Which one could you best live with, which one is more appealing to you.

If being strong is a lot more important than being lean, by all means stop the fat loss effort and try to get stronger.

But if you really want to be lean, abandoning when it’s starting to get though will NEVER get you lean.

You went up to 27% body fat because you were inactive.

Then you started training again and dropped down to 19%… Trust me dropping from 27 to 19% is EASY if you went from NO training to training… so chances are that to get to 19% you did not have to make many sacrifices and it was fairly easy at first.

Now you reach a point where you have to work for it and maybe sacrifice foods you like. But that what getting lean is about.

I’d like to tell you that everybody can get lean without pain, sacrifices, discipline and effort. But it would be a lie. YES there are some who easily get lean without much effort. But most of us aren’t like that.
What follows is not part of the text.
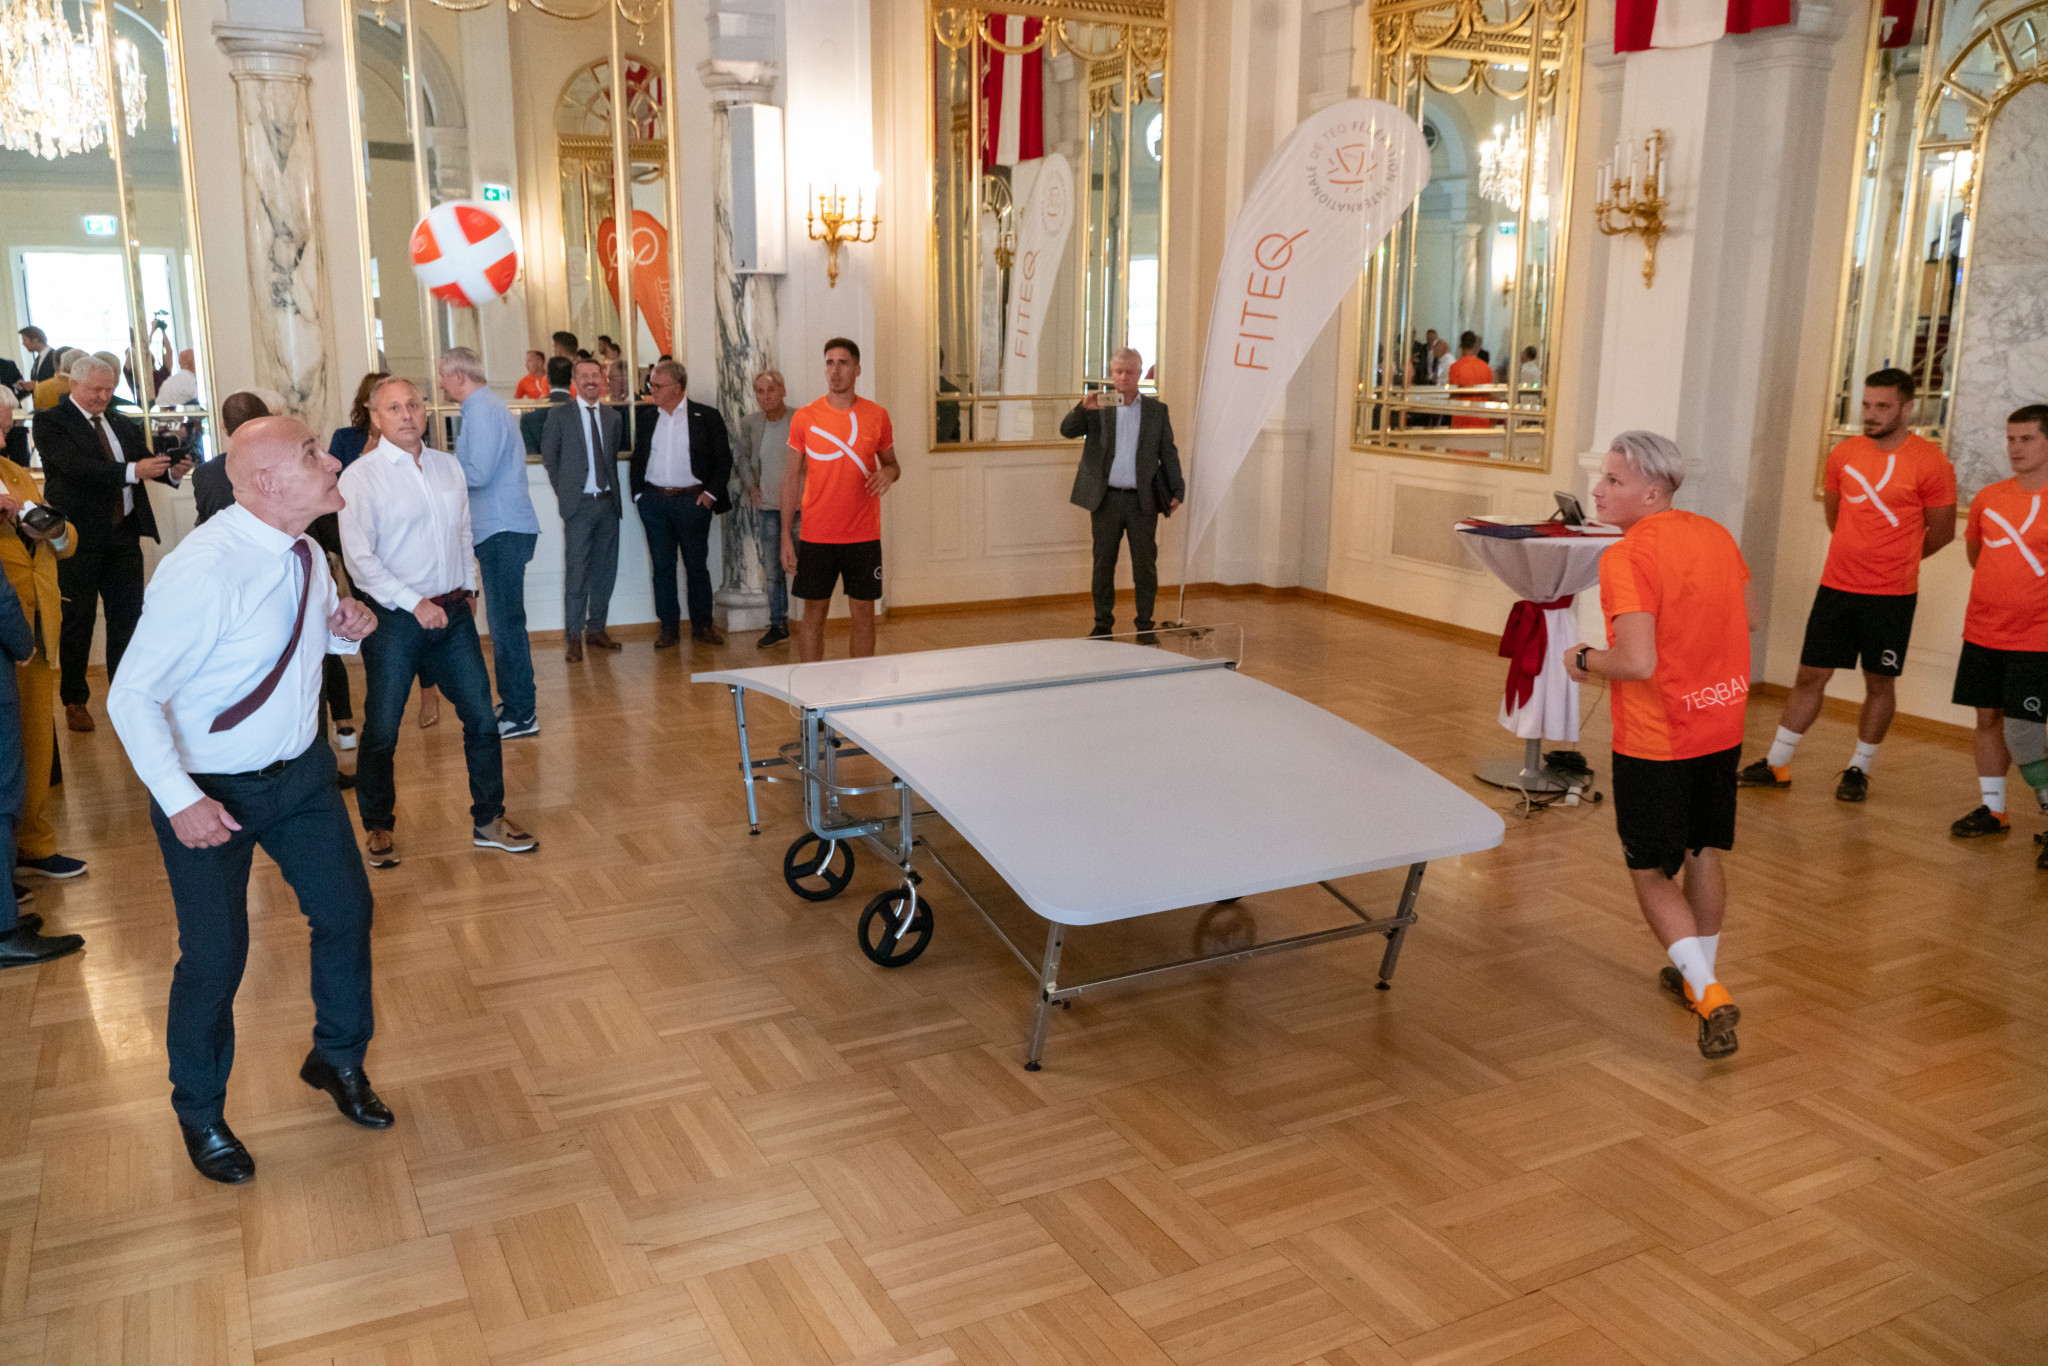 The presentation included a demonstration by professional players, with a particular focus on Para teqball, a sport established in March 2021 ©FITEQ
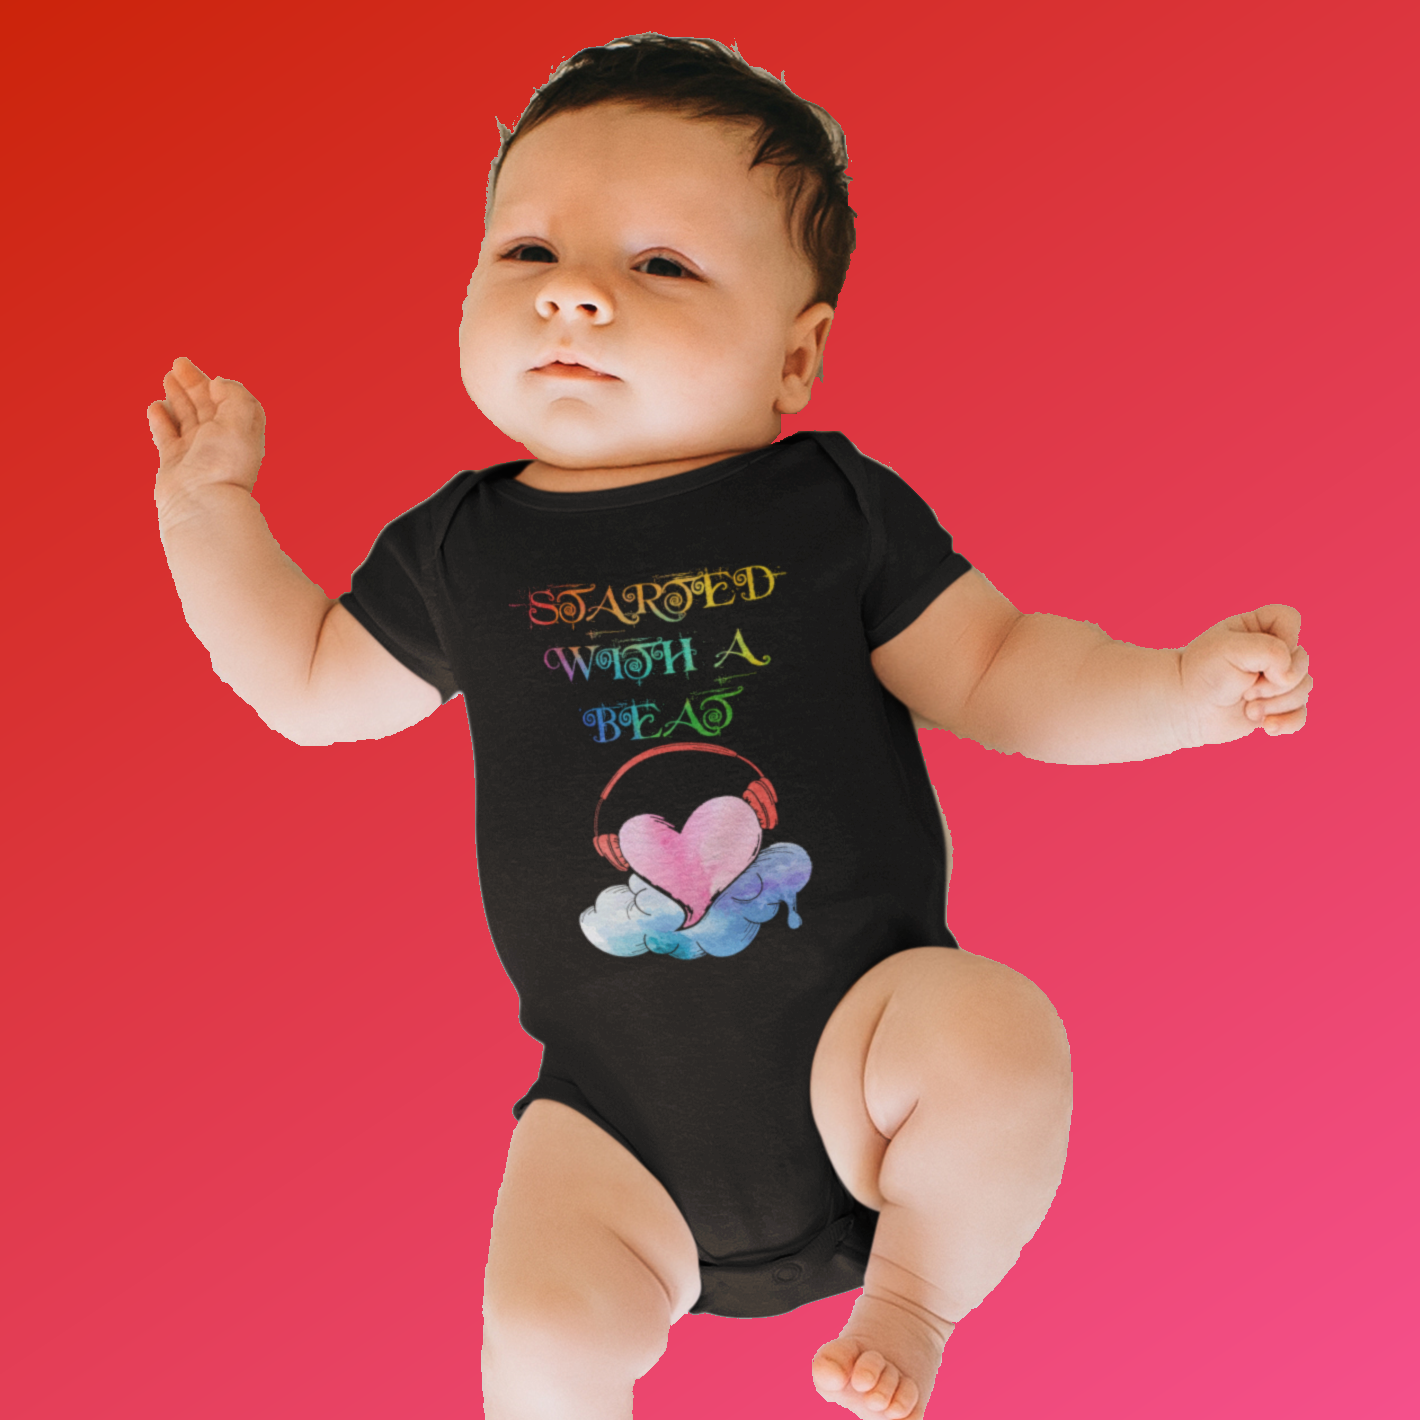 Enjoy your little beat-maker in the BEAT BABY ONESIES! Featuring a rave-inspired design and music beat print, your baby will be standing out from the crowd in style. Made of soft cotton, it's perfect for playing and rocking out.

To go from 27 to 19% only required to start training again and maybe eat a little better… not difficult.

To go from 19 to 12 you will have to work a lot harder. Do cardio, maybe conditioning work like famer’s walks and sprints, cut out junks from your diet, reducing your carbs and fats, etc. It will be harder work… on some days you will have a hard time not eating the crap food you crave… but that’s how it is for most people.

To get from 12 down to 9-10%, even if it’s only 3% will be much harder than it was to drop down to 12%.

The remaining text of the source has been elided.